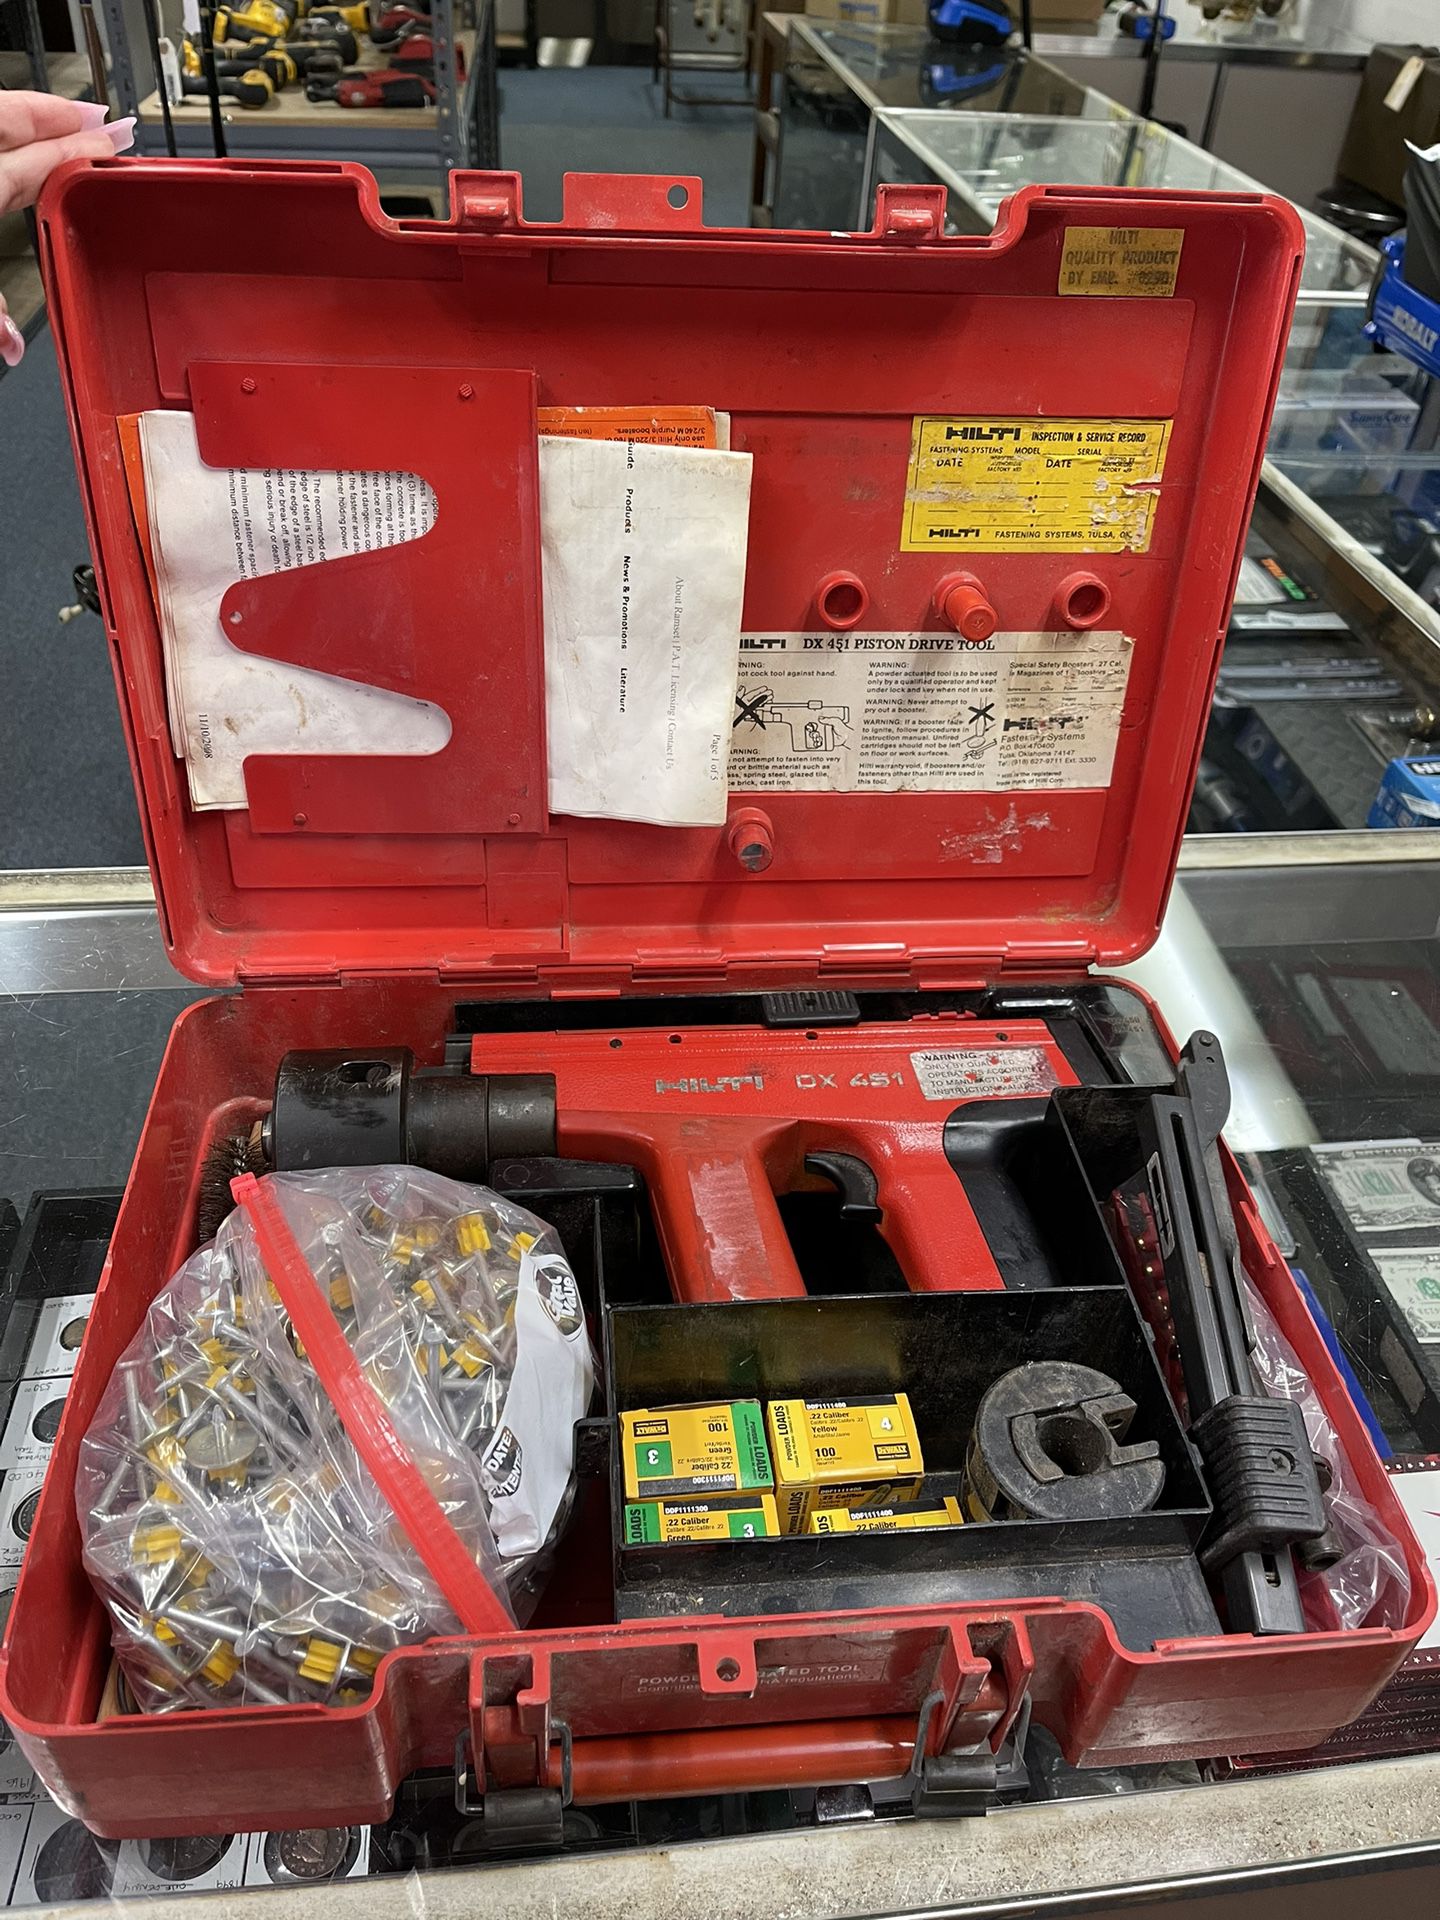 Hilti DX-451 Power Actuated Fastener Nail Gun Tool With Accessories & Case
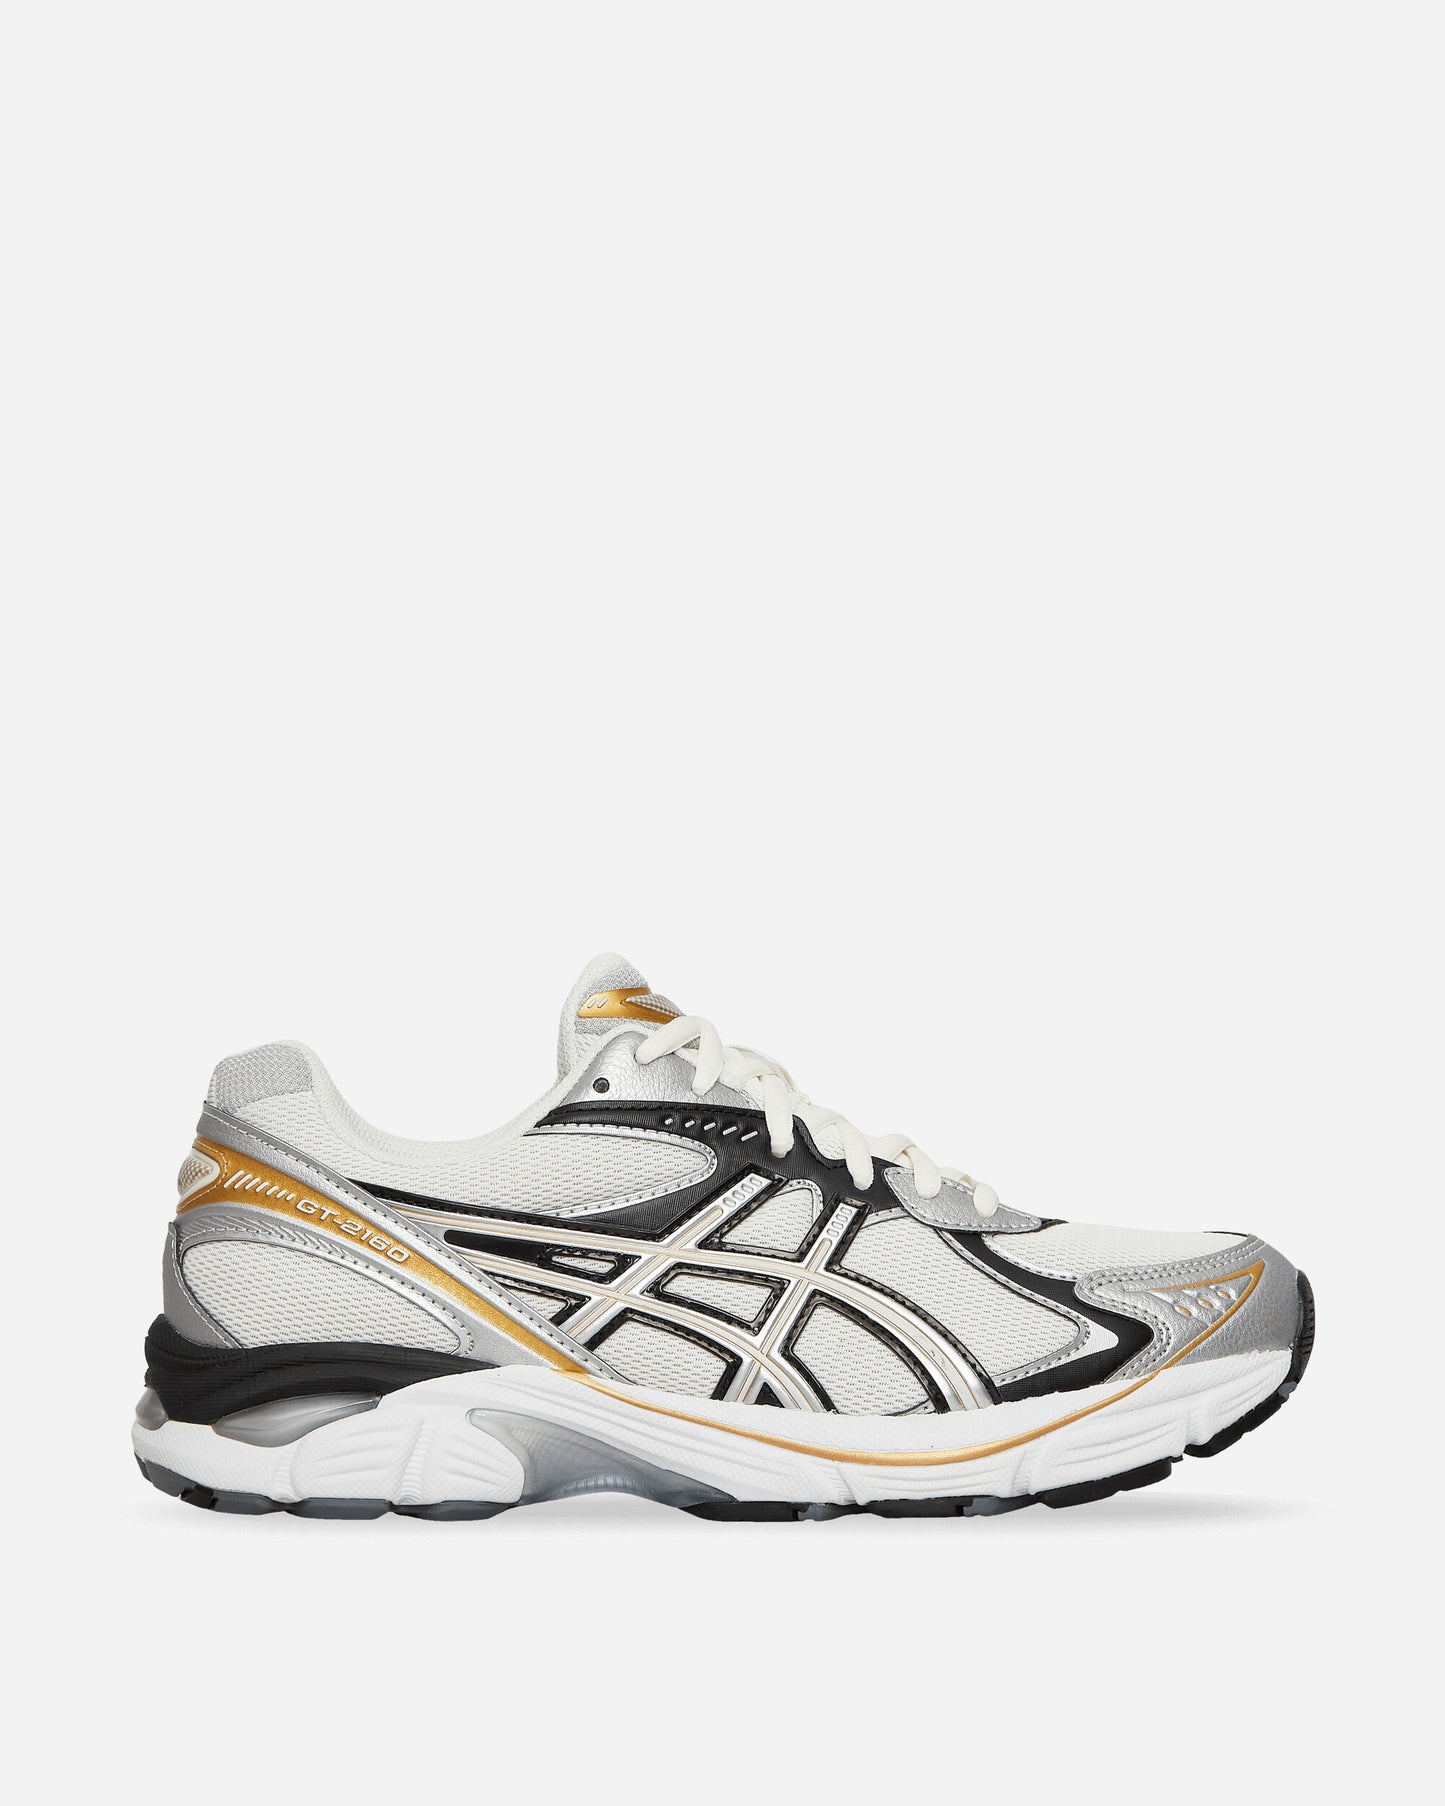 Asics Gt-2160 Cream/Pure Silver Sneakers Low 1203A320-100
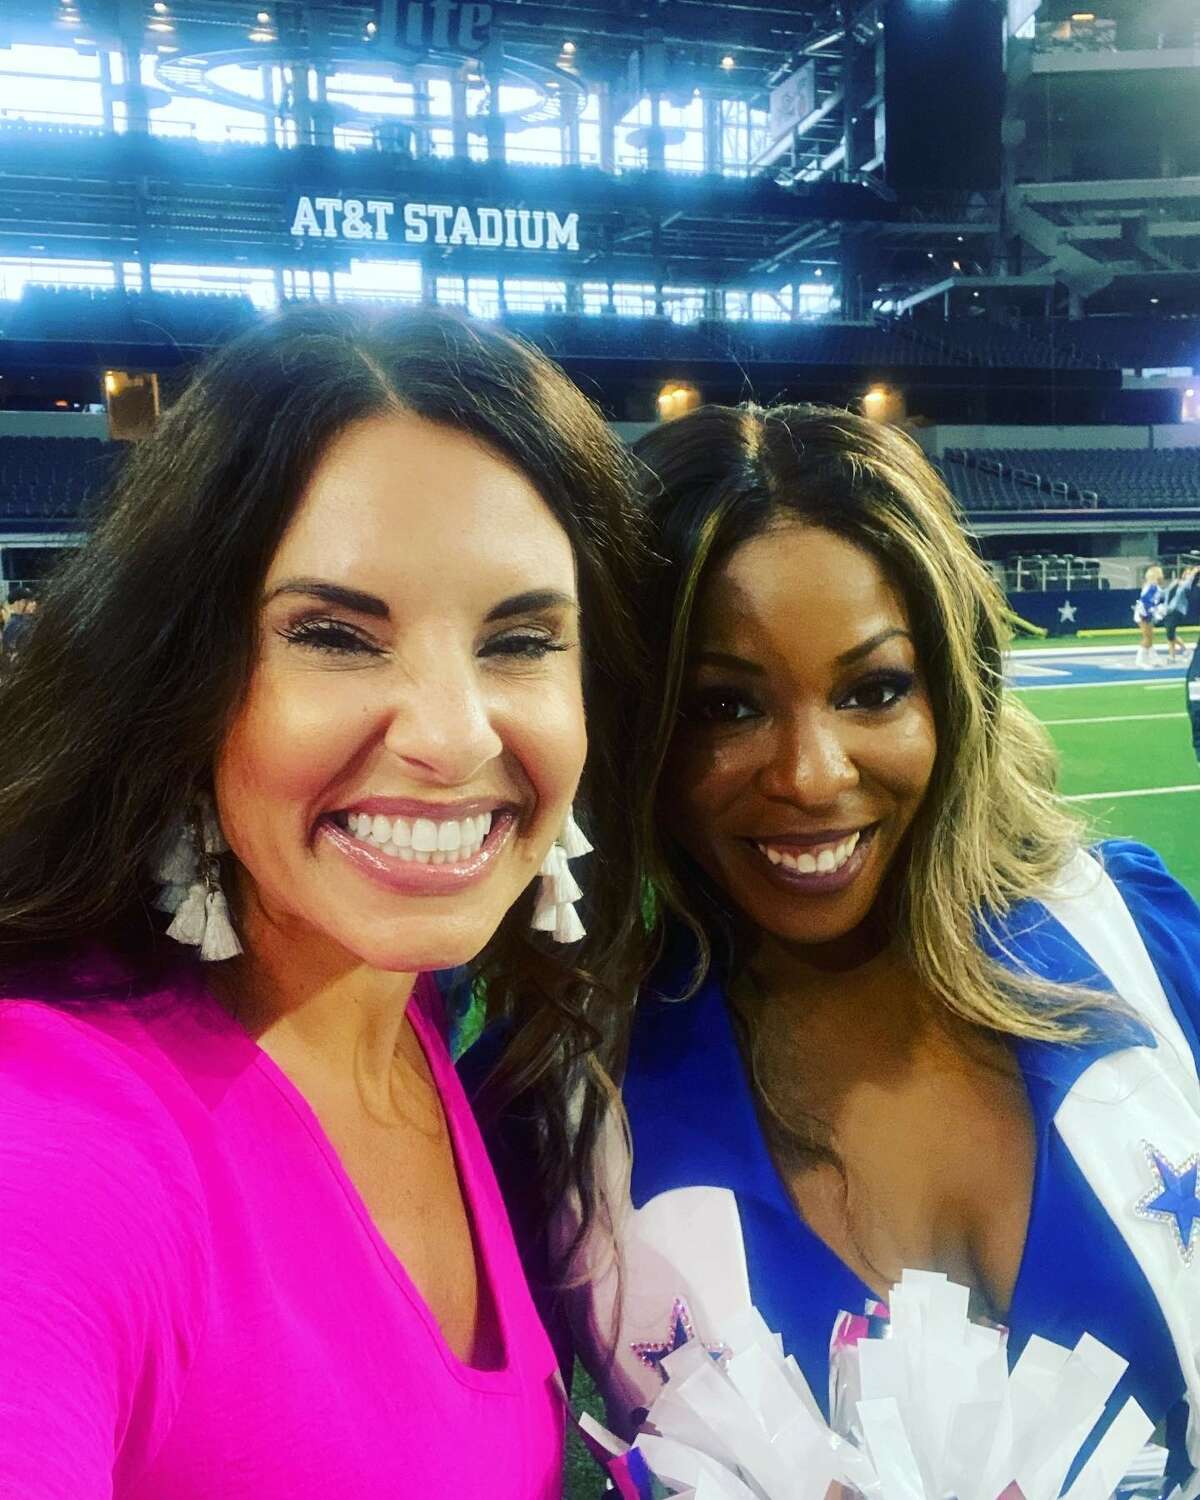 DK Dance Productions founder, owner and instructor Darci Kay Ward (left) of Jerseyville was a mentor for new Dallas Cowboys cheerleader Kayla Hayes.
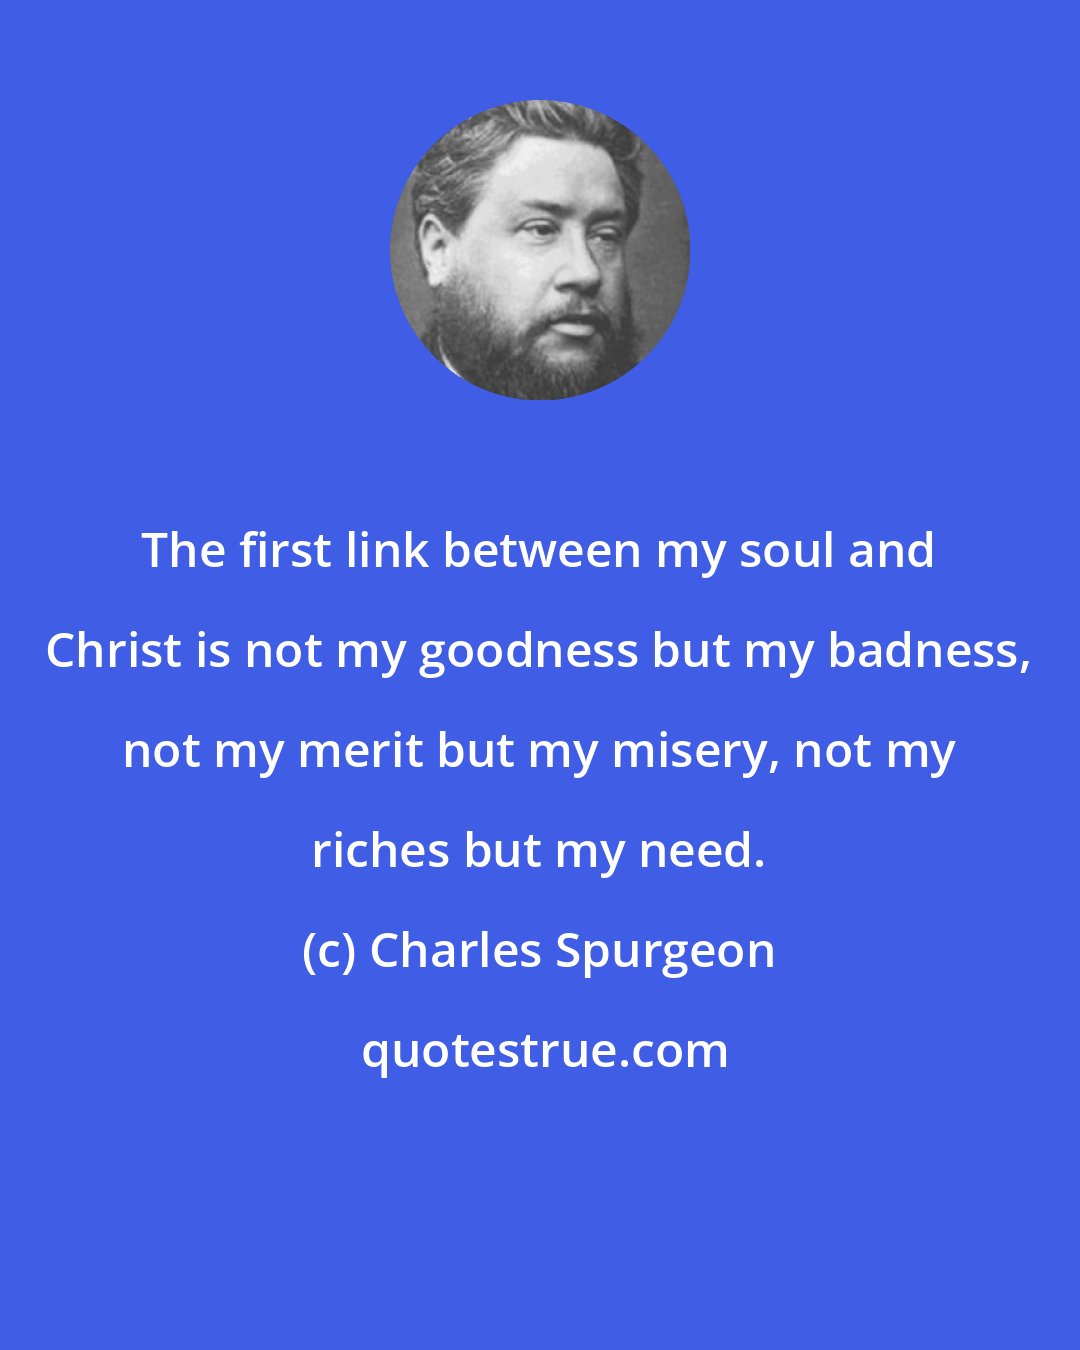 Charles Spurgeon: The first link between my soul and Christ is not my goodness but my badness, not my merit but my misery, not my riches but my need.

——————————

▶ _What to work on_: Leaving all pictures aside, print exactly the lines from the one that contains "DK Dance Productions" through the last line of the data above, inclusive.

▶ _Your solution_:
 DK Dance Productions founder, owner and instructor Darci Kay Ward (left) of Jerseyville was a mentor for new Dallas Cowboys cheerleader Kayla Hayes.
 Charles Spurgeon: The first link between my soul and Christ is not my goodness but my badness, not my merit but my misery, not my riches but my need.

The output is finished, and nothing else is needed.